Tropical forest birds, which tend to have wings that are short and round relative to their body length and shape, are more sensitive to habitat fragmentation than the long-, slender-winged species common in temperate forests, according to an international collaboration that included scientists from Oregon State University.
OSU’s Matt Betts and Christopher Wolf teamed with 14 other authors to analyze the wings of more than 1,000 species worldwide in a study led by Thomas Weeks of Imperial College London and published in Nature Ecology and Evolution.
The research builds on a 2019 study that was led by Betts and Wolf and published in Science. That paper had shown that the nearer a forest species lives to the equator, where animals evolved in environments that weren’t subject to large-scale habitat-altering events like fires and storms, the less well equipped the species is to adapt to current human-caused forest fragmentation.
The wing study provides solid evidence for the idea that forest birds in the lower latitudes — the bare-faced ibis, the blue and gold macaw, the green honeycreeper, the Malaysian rail babbler and many other colorful, and colorfully named, species — aren’t good at relocating when their habitat gets broken up because they weren’t required to evolve in ways that would make it easy to get to new areas, Betts said.
“The new paper shows a strong latitudinal gradient in birds’ ability to disperse — i.e., move around to find a new place to live,” said Betts, a professor of landscape ecology in the OSU College of Forestry. “Birds toward the poles tend to be better movers, with longer, narrower wings that are better suited to long-distance flight.”
Previously, the reason behind tropical birds’ comparative lack of dispersal skills had not been well understood, and there had also been some question as to whether a forest species’ ability to move around was all that important in terms of dealing with habitat fragmentation, Wolf said.
“It had been argued that species that don’t move much maybe tend to stay put just because they don’t care about losing pieces of their habitat or seeing it fragmented,” said Wolf, a postdoctoral researcher in the College of Forestry. “But we used a massive dataset that encompassed more than 1,000 birds globally to test whether birds with shorter, stubbier wings are more likely to be fragmentation sensitive, and whether this alone explains the latitudinal gradient we observed.

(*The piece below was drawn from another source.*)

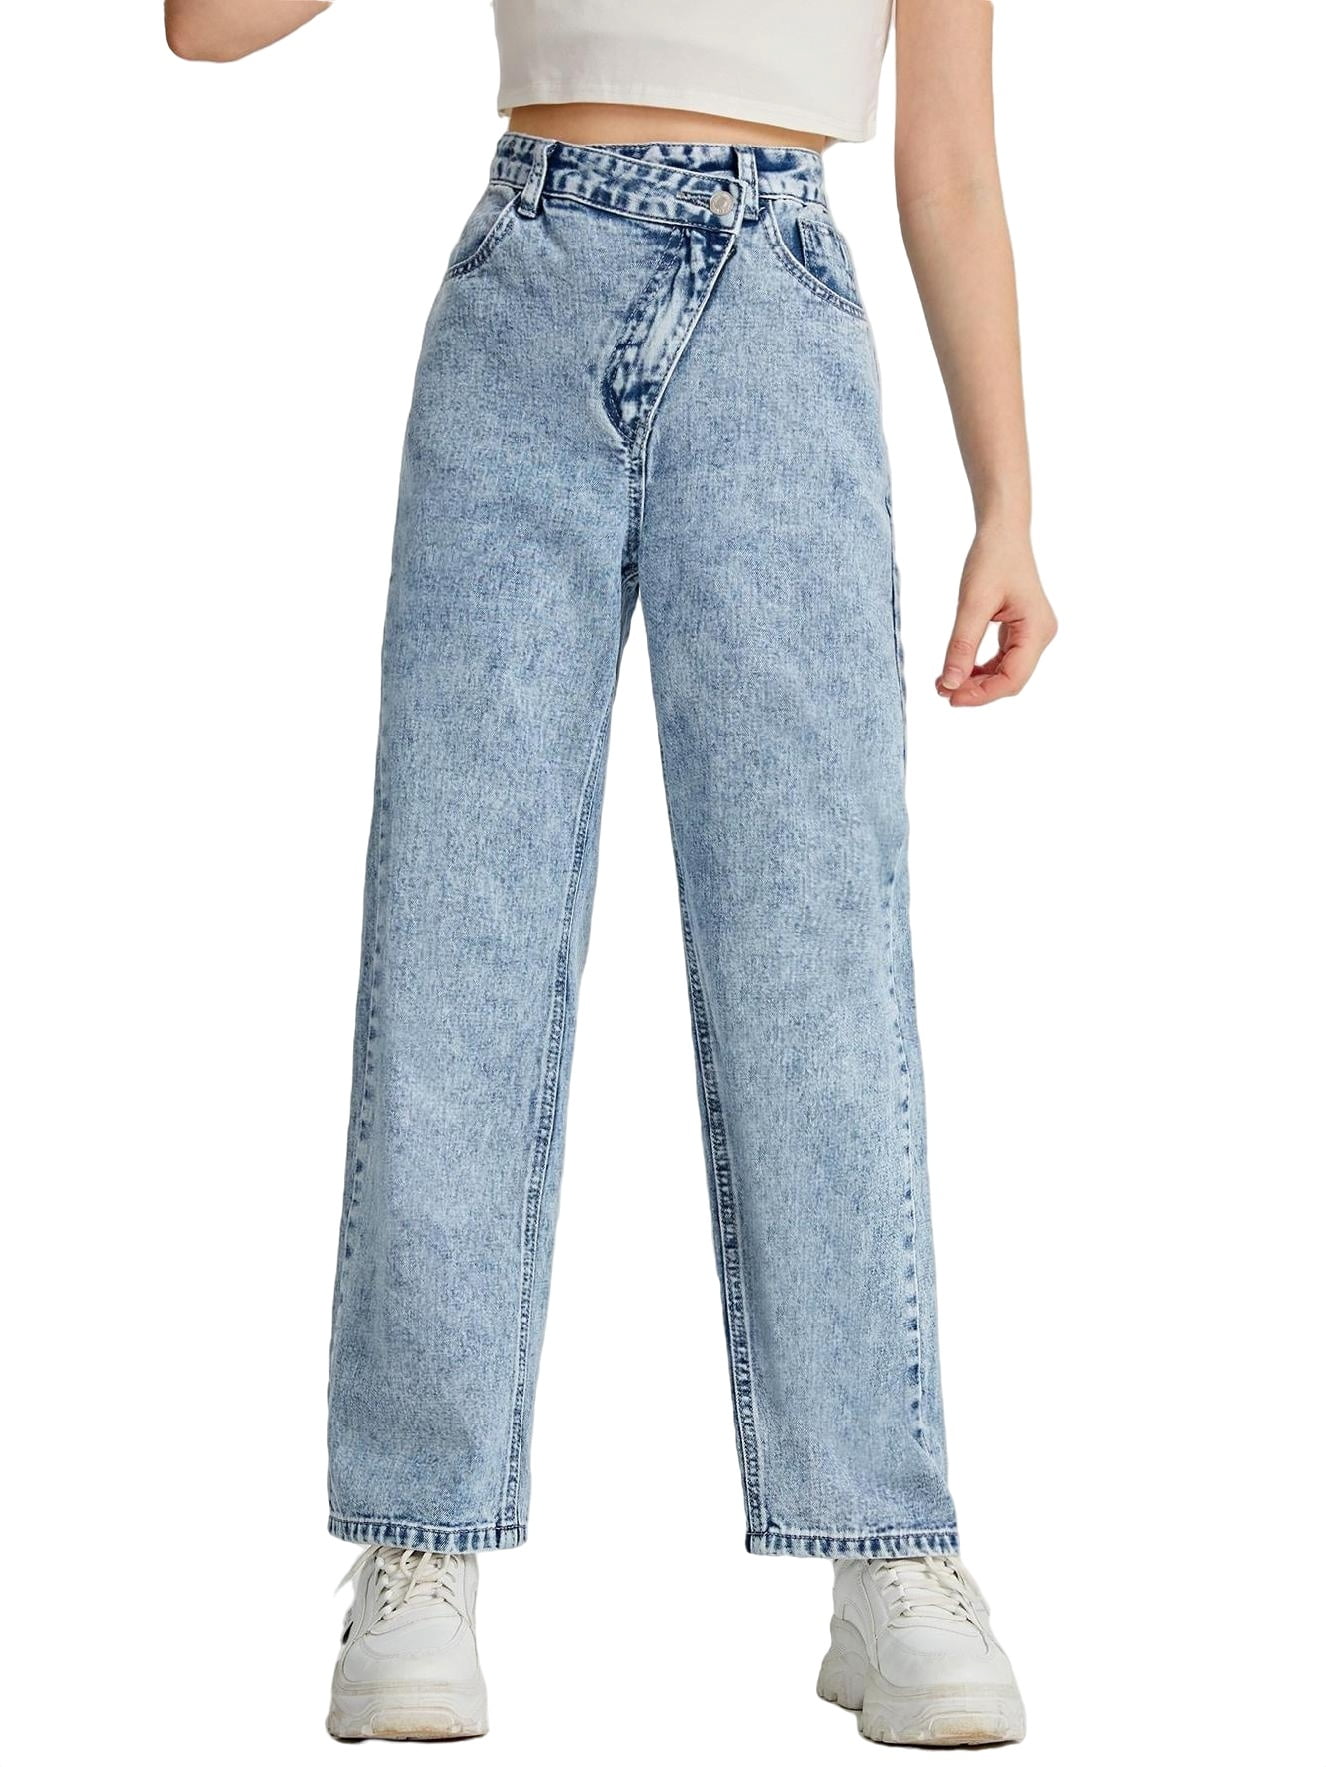 Plain Straight Leg Light Wash Girls Jeans (Girl's)

In the end, there was strong support for the idea that birds that are good dispersers are less fragmentation sensitive.”
Examples of temperate forest birds more built for dispersal include woodpeckers, robins, jays, cardinals, owls, turkeys, hawks and eagles.

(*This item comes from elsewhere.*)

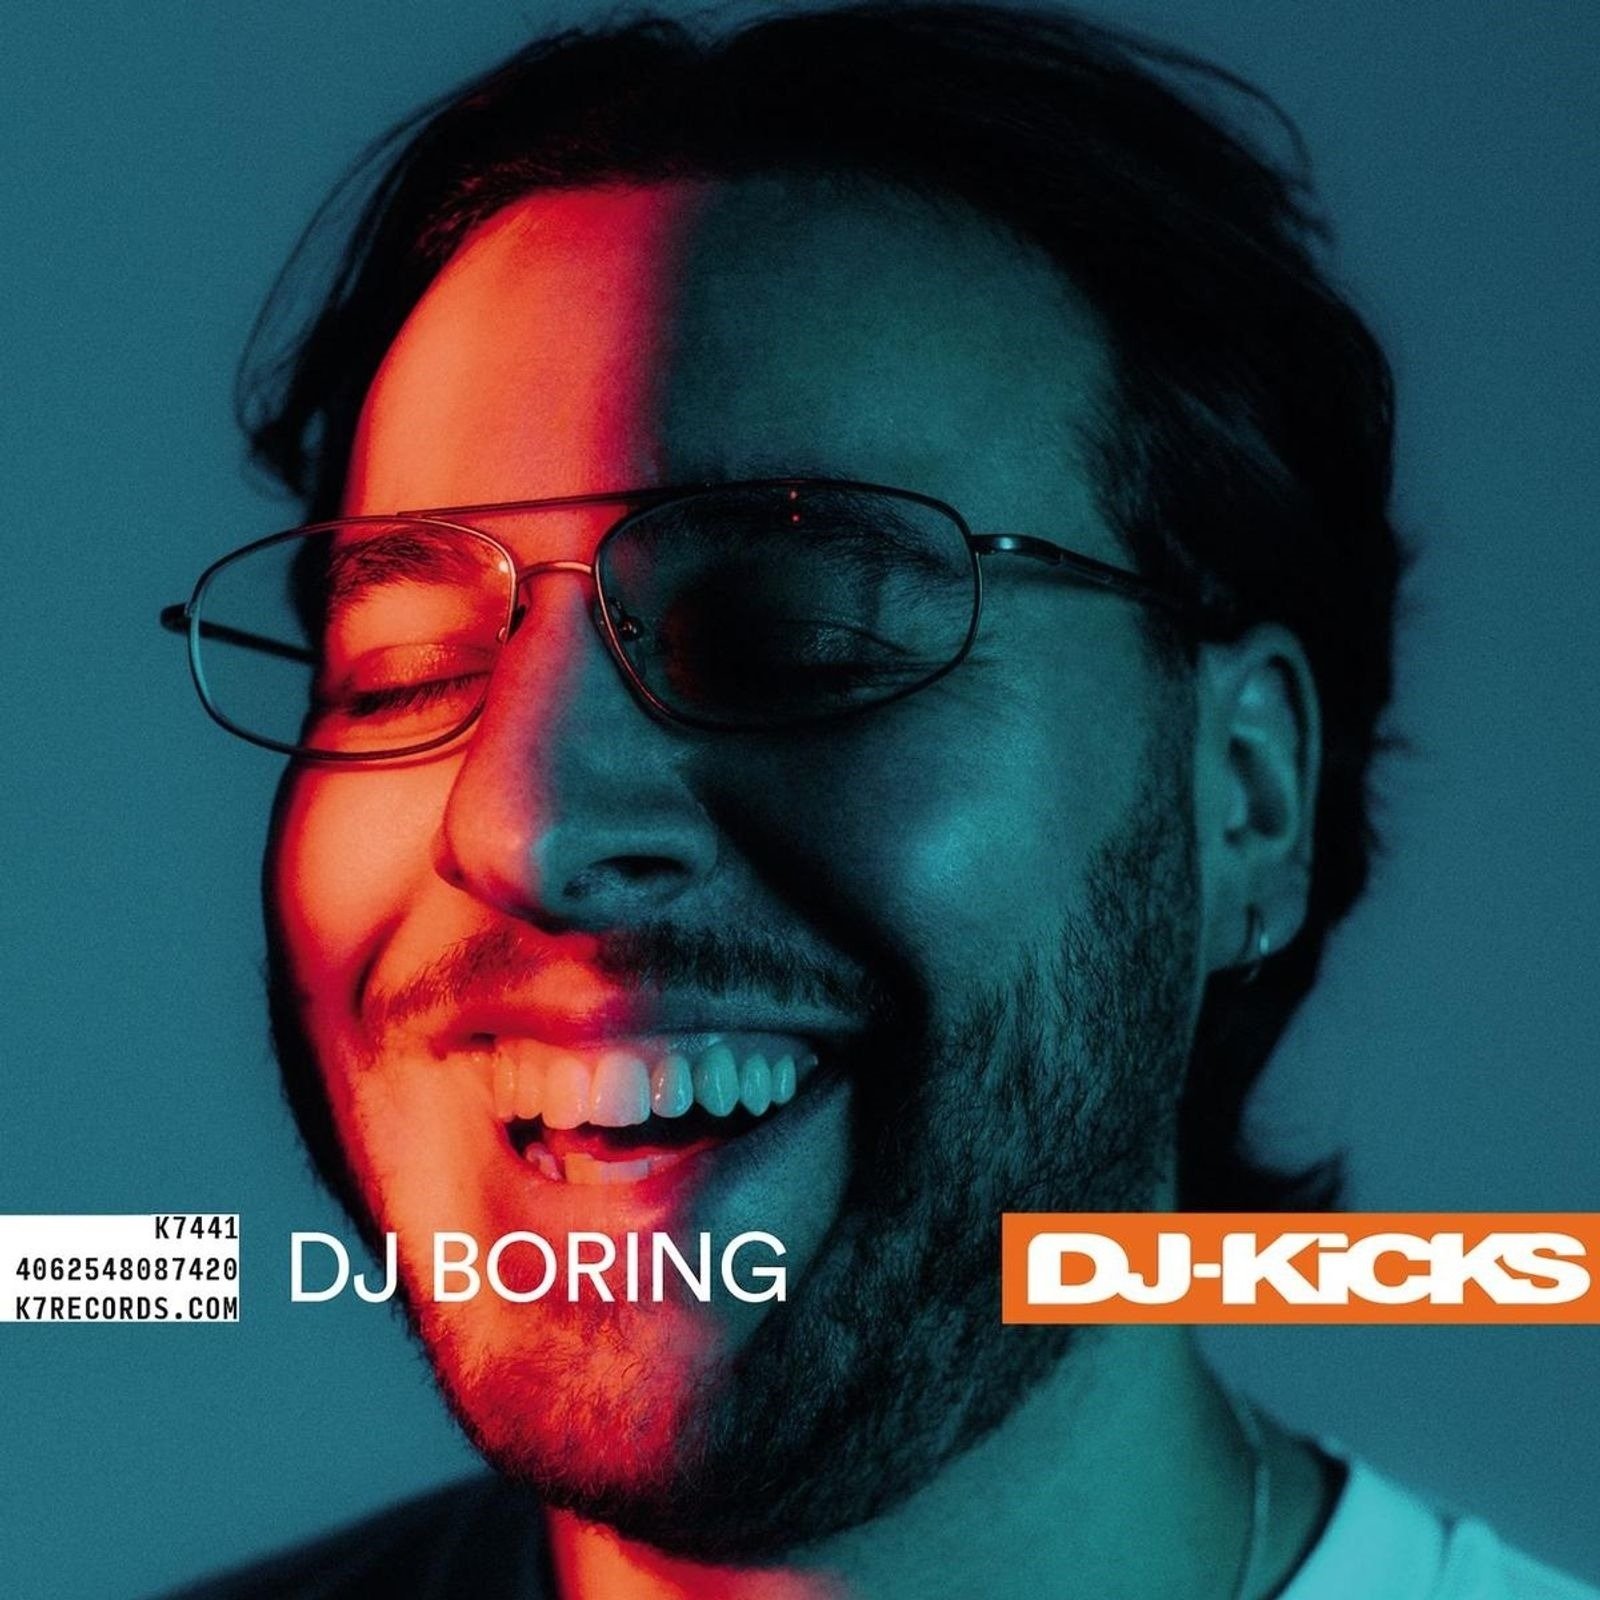 CD Shop - BORING, DJ DJ-KICKS: DJ BORING

The Natural Environment Research Council, the UKRI Global Challenges Research Fund and the Natural Environment Research Council supported this research.
Also contributing to the study were scientists from Newcastle University; the University of Toulouse; Lancaster University; the Foundation for Ecodevelopment and Conservation; the Global Protect Oceans, Lands and Waters Program; the Nature Conservancy; the Swiss Ornithological Institute; Yale University; the University of Pretoria; the Centre for Conservation of Atlantic Forest Birds; the University of Queensland; and California State University, Los Angeles.